Do you have
a question for AGSA? Do not hesitate to ask any questions you might
have about genetic conditions. The request for information
page is also available for your questions. The questions below are
asked frequently by many people.
Further information
can be obtained from AGSA.
Q: Am I the only
one?
A: No. And it
is not your fault.
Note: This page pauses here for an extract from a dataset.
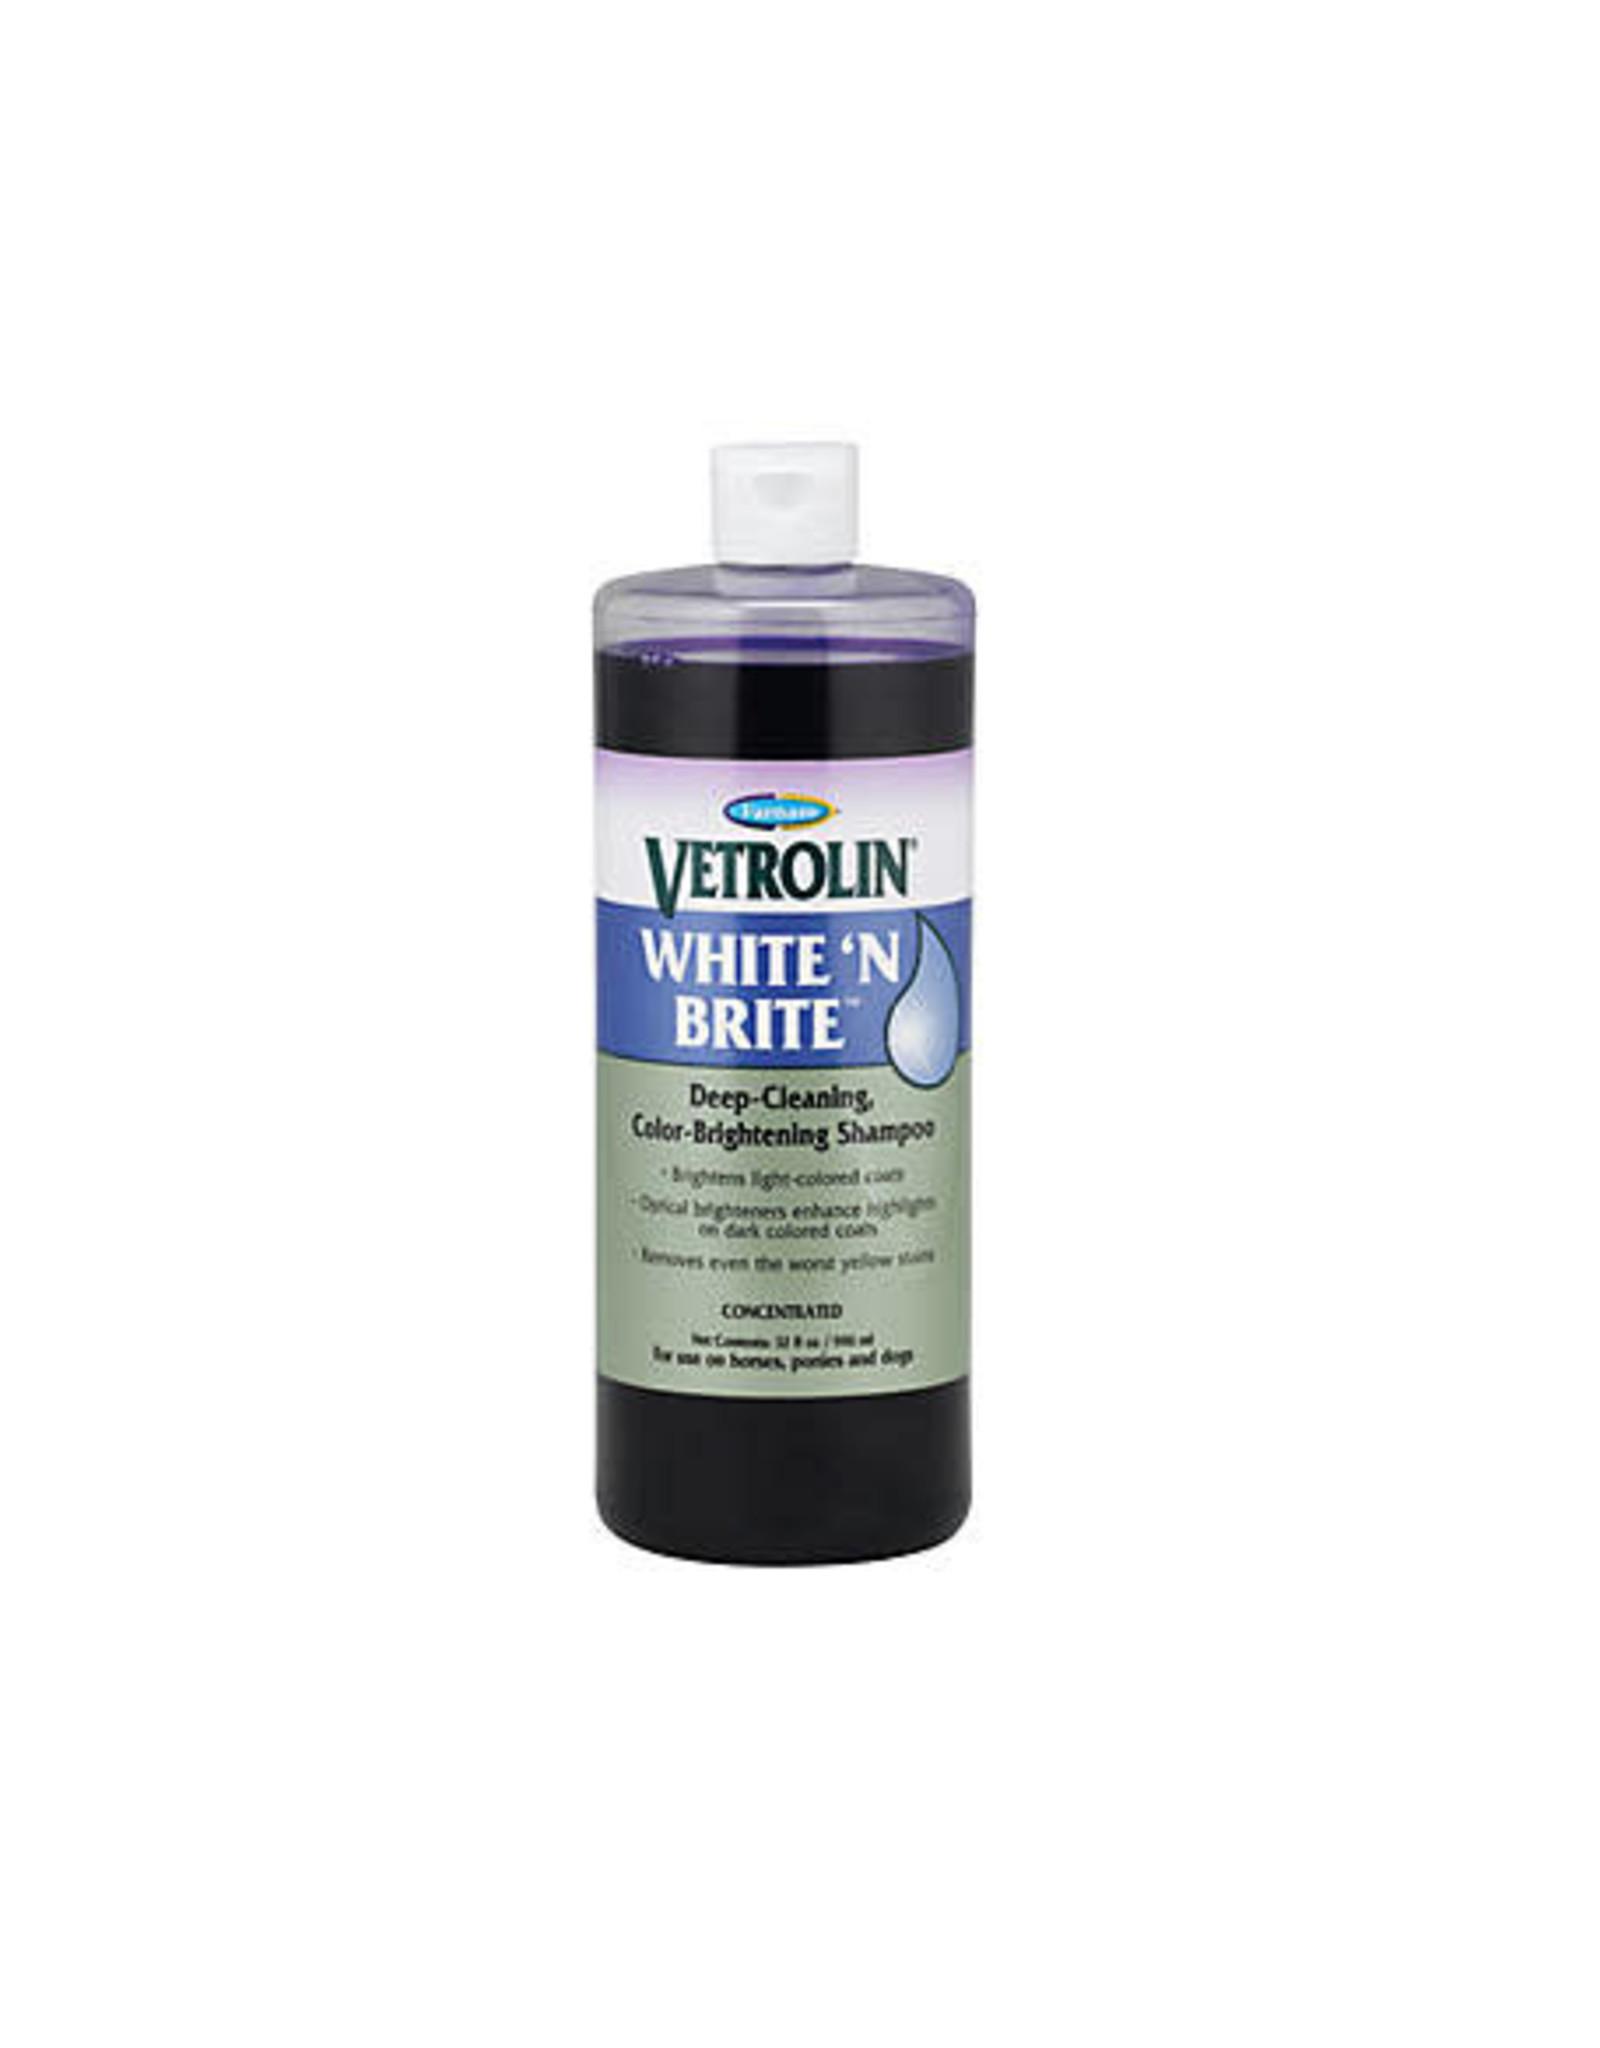 Vetrolin White N Brite 32 oz

A genetic disorder does not discriminate
Q: Is it Ok to
feel upset?
A: Yes, it is.
AGSA has support groups for people who are having difficulty.
Q: Who else can
I talk to?
A: AGSA offers
a networking service where families of people suffering similar conditions
can get in touch with each other.
Q: What other
information is there?
A: If you become
a member of AGSA you will receive monthly newsletters, with details about
upcoming events.
Q: What is the
usual reaction of parents when they find out their child has a genetic
condition?
A: Grief reaction
to disability : Shock, Panic - fight or flight "Let me out of here",
Disbelief, Denial, Confusion, Despair, Anger, Depression and anger,
Guilt and /or blame, Gradual reality, Resolution
Q: What do support
groups do?
A: They provide
contact with somebody who will listen and understand, Provide up to data
medical information, Provide helpful tips from other parents or affected
individuals, create awareness and early diagnosis, and just when you feel
you are in a rut provide motivation.